A VAR(1) model can be described as follows: $$r_t=c+\Gamma r_{t-1}+\varepsilon_t$$ with $\varepsilon_t \sim N(0,\Sigma)$. Furthermore, $r_t$, $r_{t-1}$ and $\varepsilon_t$ all are a $N\times 1$ vector and the parameter matrix $\Gamma$ is a $N\times N$ matrix.
Taking the variance of $r_t$ gives us $\gamma(0) = Var(r_t) = Var(c+\Gamma r_{t-1}+\varepsilon_t)=\Gamma\times Var(r_{t-1})\times \Gamma' + \Sigma$.
So this gives us $\gamma(0) = \Gamma\times \gamma(0)\times \Gamma' + \Sigma$.
For $\gamma(1)$ I get $\gamma(1)=cov(r_t,r_{t-1})=cov(c+\Gamma r_{t-1}+\varepsilon_t,r_{t-1})=\Gamma cov(r_{t-1},r_{t-1})=\Gamma \gamma(0)$.
I just do not know how to implement the last part, i.e. $\rho(1)=\frac{\gamma(1)}{\gamma(0)}$, because of the matrices. I hope someone can help me with that?
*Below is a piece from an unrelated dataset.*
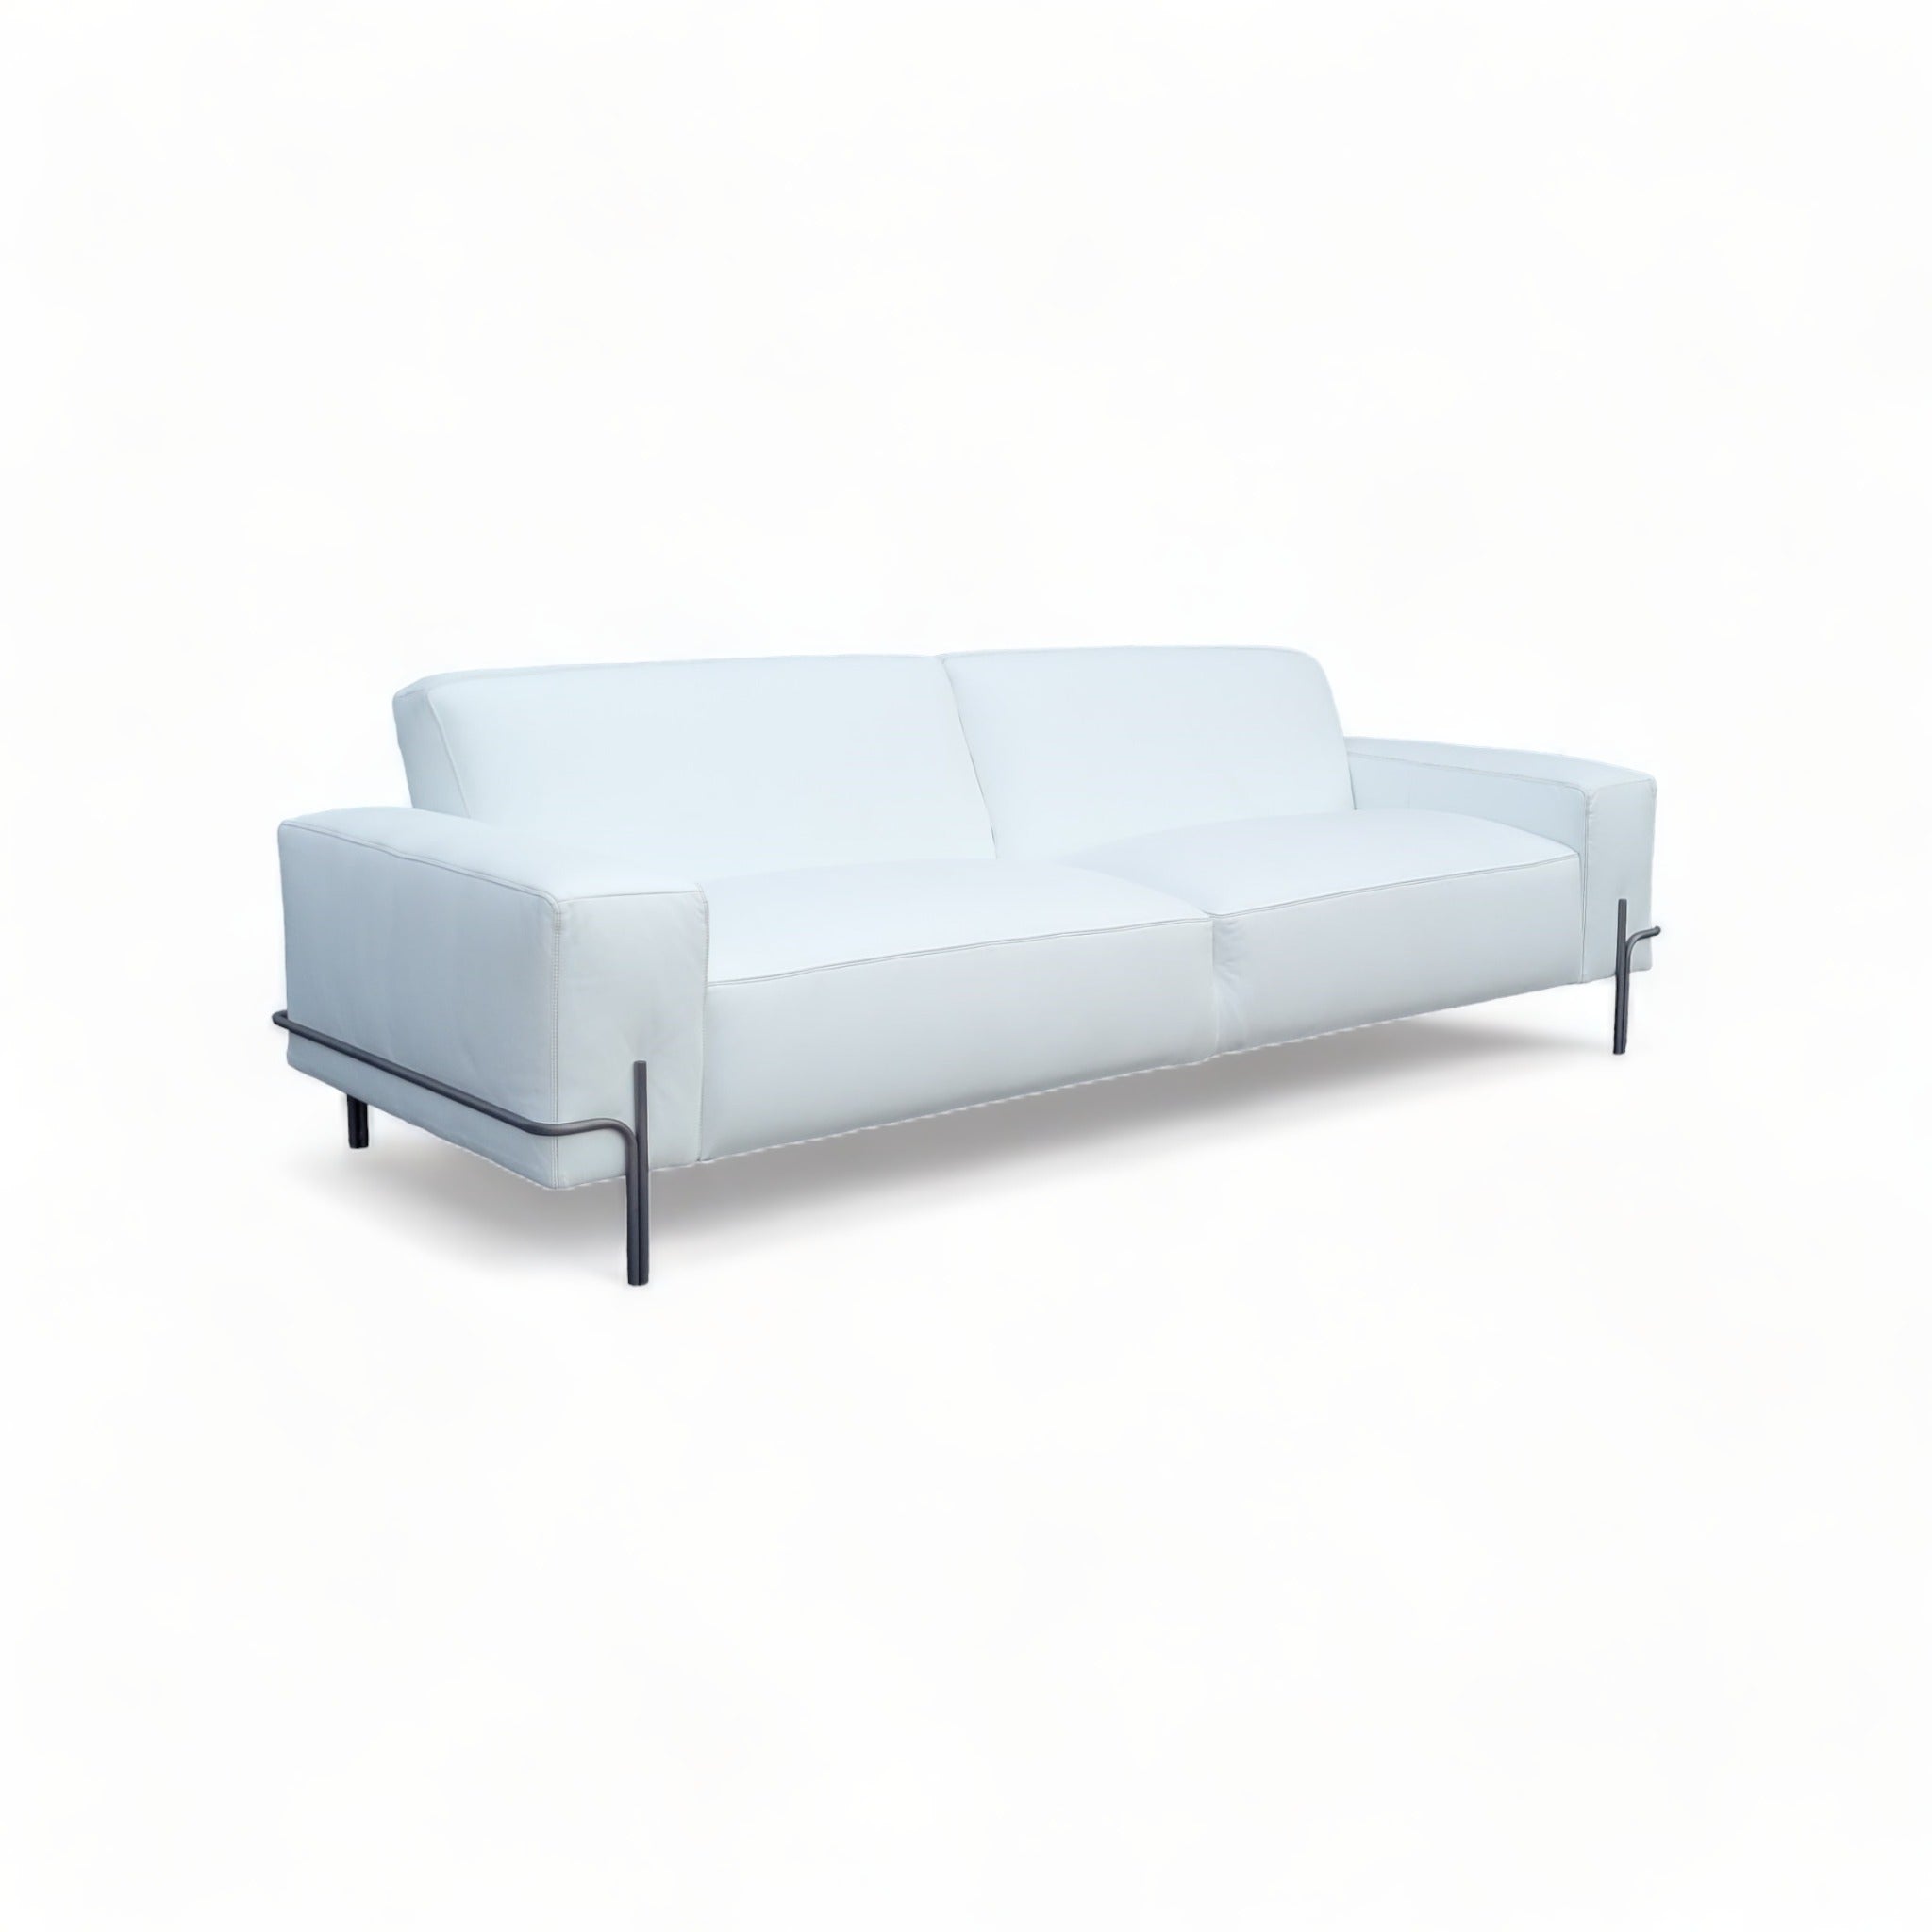 Anis White Leather Sofa (Only 1)

I do know that the $\rho(1)$ of an AR(1) model is simply $\phi$ (i.e. the parameter of the lagged variable in an AR(1) model, see Finding the ACF of AR(1) process for instance). For its multivariate case, I also want to know the autocorrelation coefficient, hence this question.
I work with functional time series, in particular with the functional ARMA$(p,q)-$model. If you take a look e.g. at this publication http://arxiv.org/pdf/math/0509256v1.pdf from Mas (2005) or at "Function Spaces" a monographie from D. Bosq (2000) you can see how it works for the functional setting, hence for yours.
Division by $\gamma(0)$ doesn't work in your case, since it's a matrix. But you can consider divison by a matrix as multiplication of the inverse, if it does exist ($\text{det}(\gamma(0)) \neq 0 ?$).
I hope that's helpful.